WORK REQUEST :: Below is a listing. Quote from it, exactly, the lines from the one containing "Birds Florida Close" down to the one containing "Tatting Lace Floral", both ends included, and nothing else.

TASK INPUT ::
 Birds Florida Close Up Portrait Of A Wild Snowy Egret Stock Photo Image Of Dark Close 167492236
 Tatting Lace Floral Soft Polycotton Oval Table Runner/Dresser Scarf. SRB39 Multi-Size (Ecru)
* * *
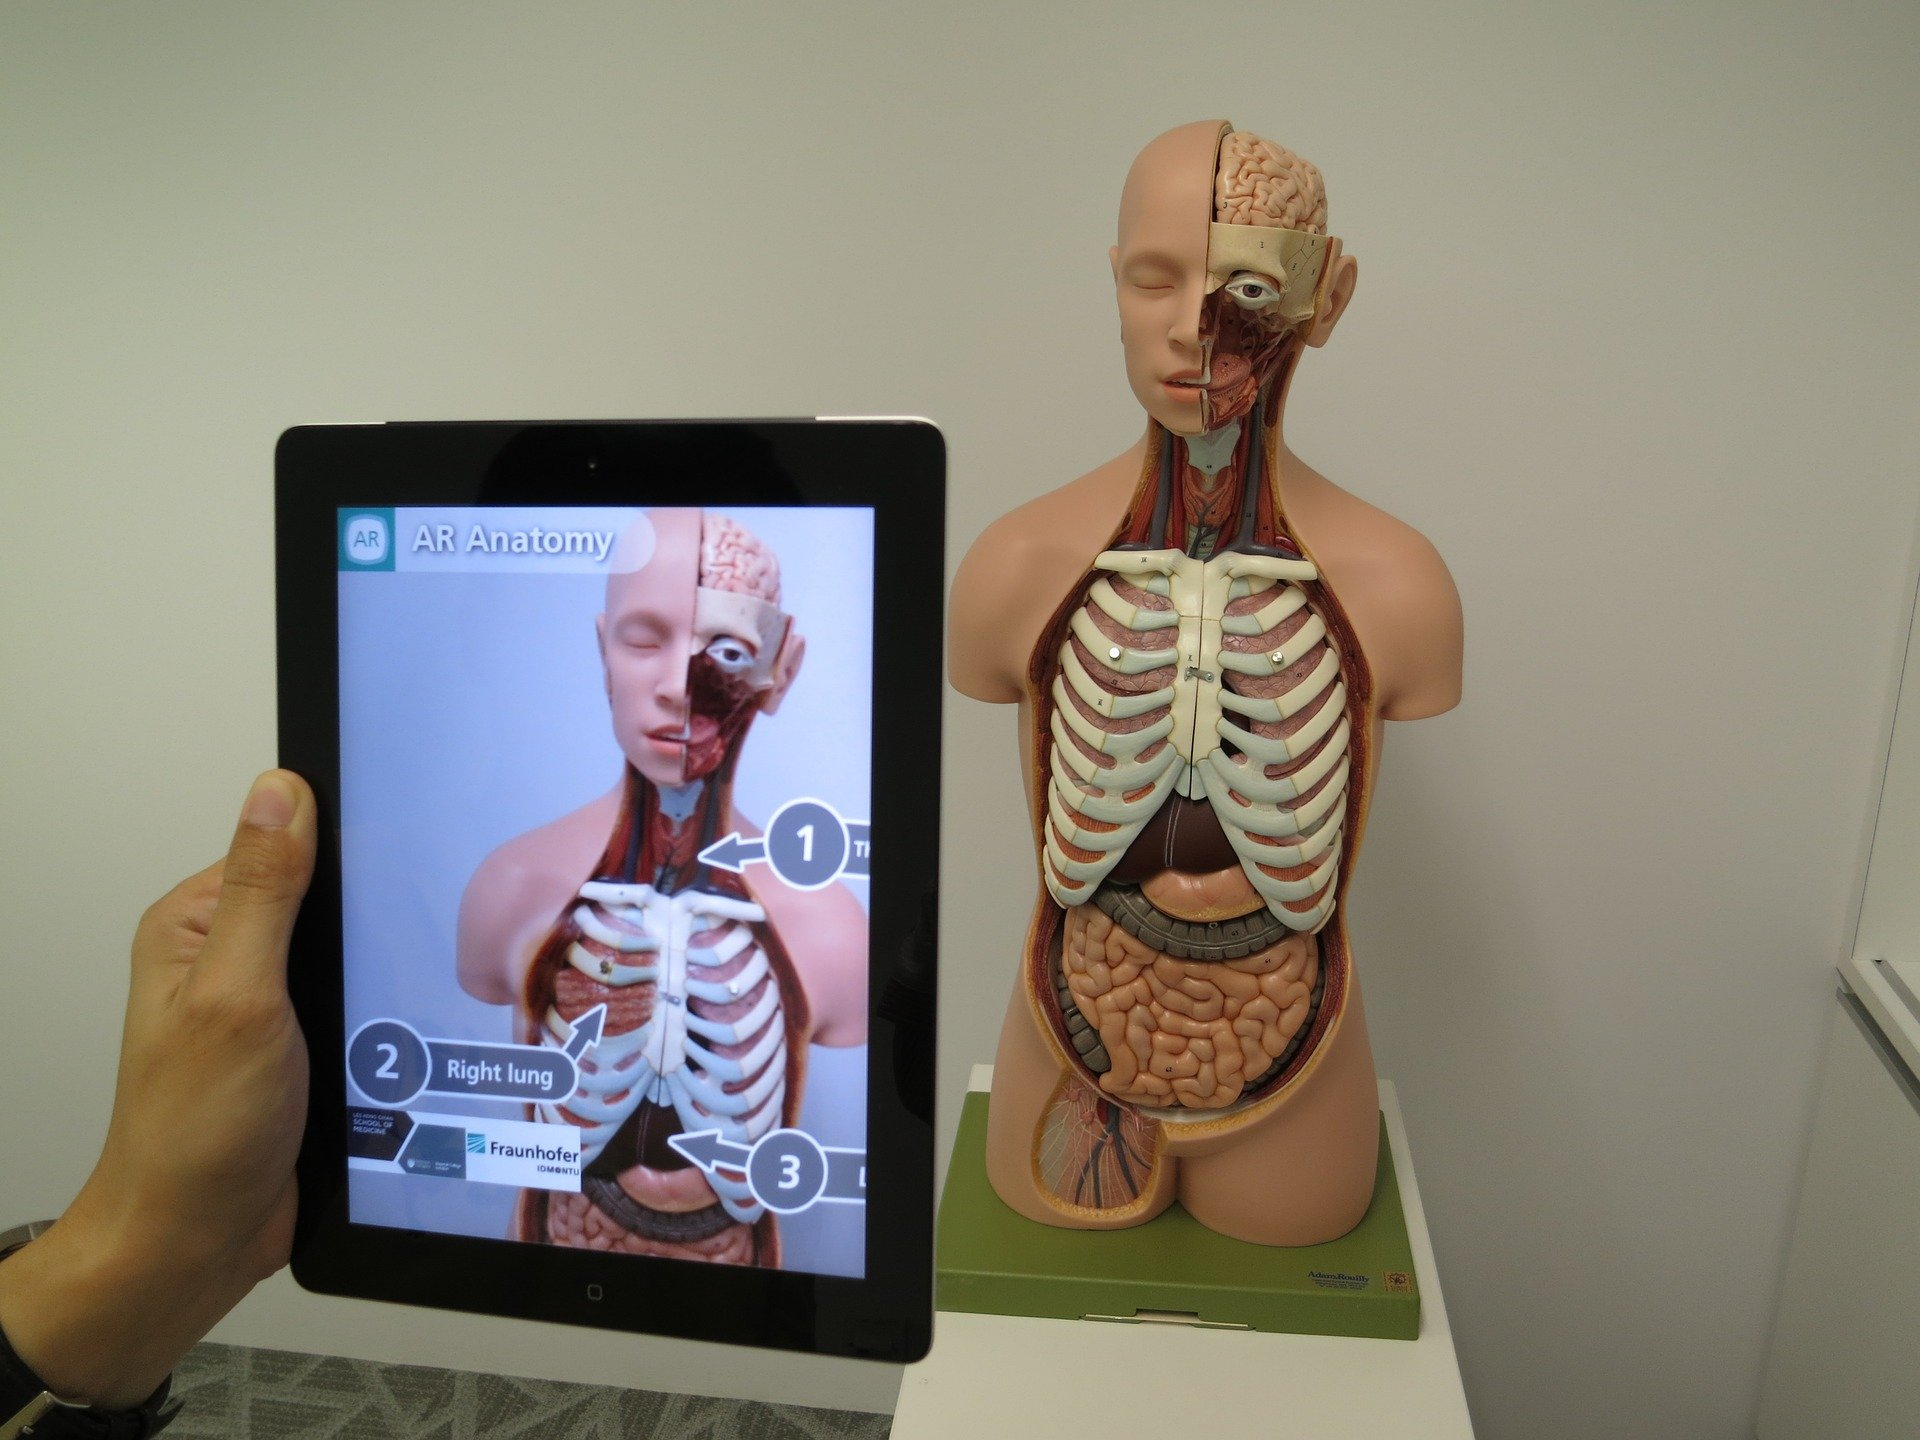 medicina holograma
* * *
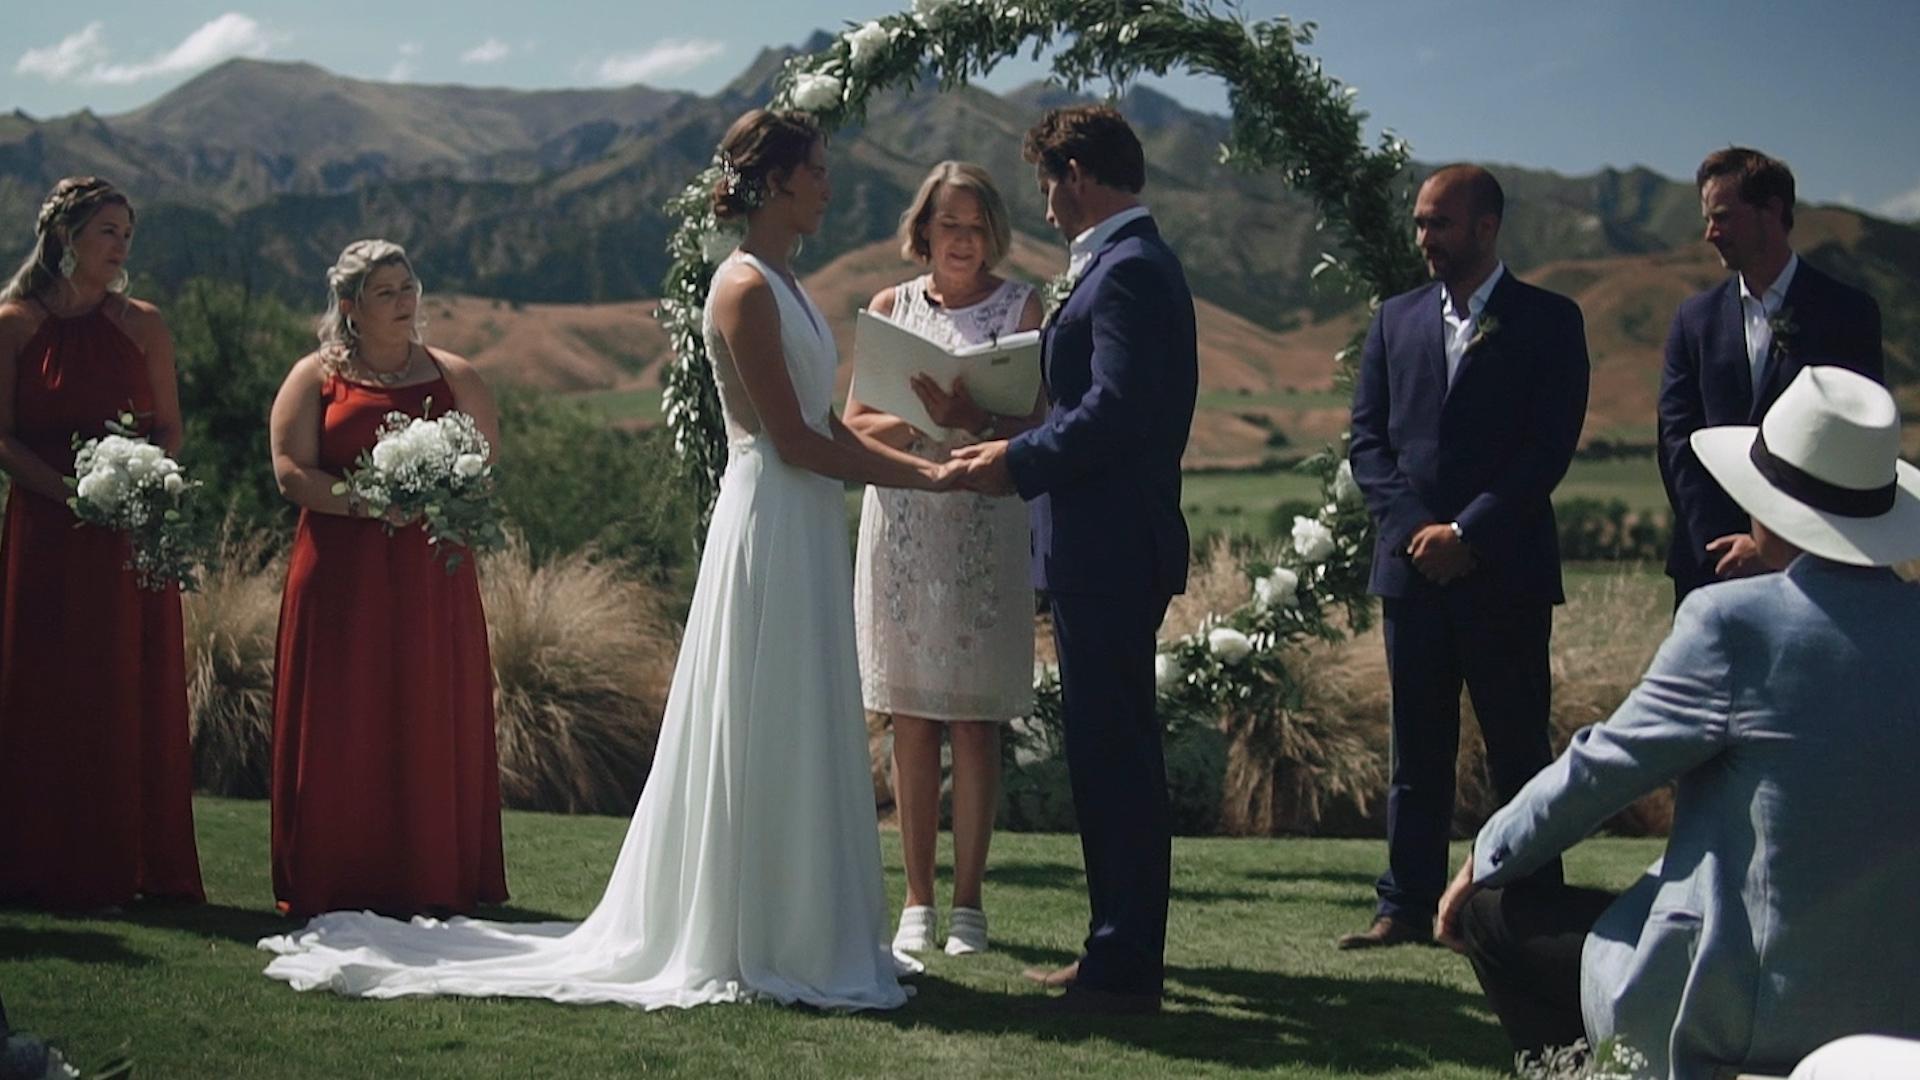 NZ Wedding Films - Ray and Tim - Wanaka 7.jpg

REPLY TO THE TASK ::
 Birds Florida Close Up Portrait Of A Wild Snowy Egret Stock Photo Image Of Dark Close 167492236
 Tatting Lace Floral Soft Polycotton Oval Table Runner/Dresser Scarf. SRB39 Multi-Size (Ecru)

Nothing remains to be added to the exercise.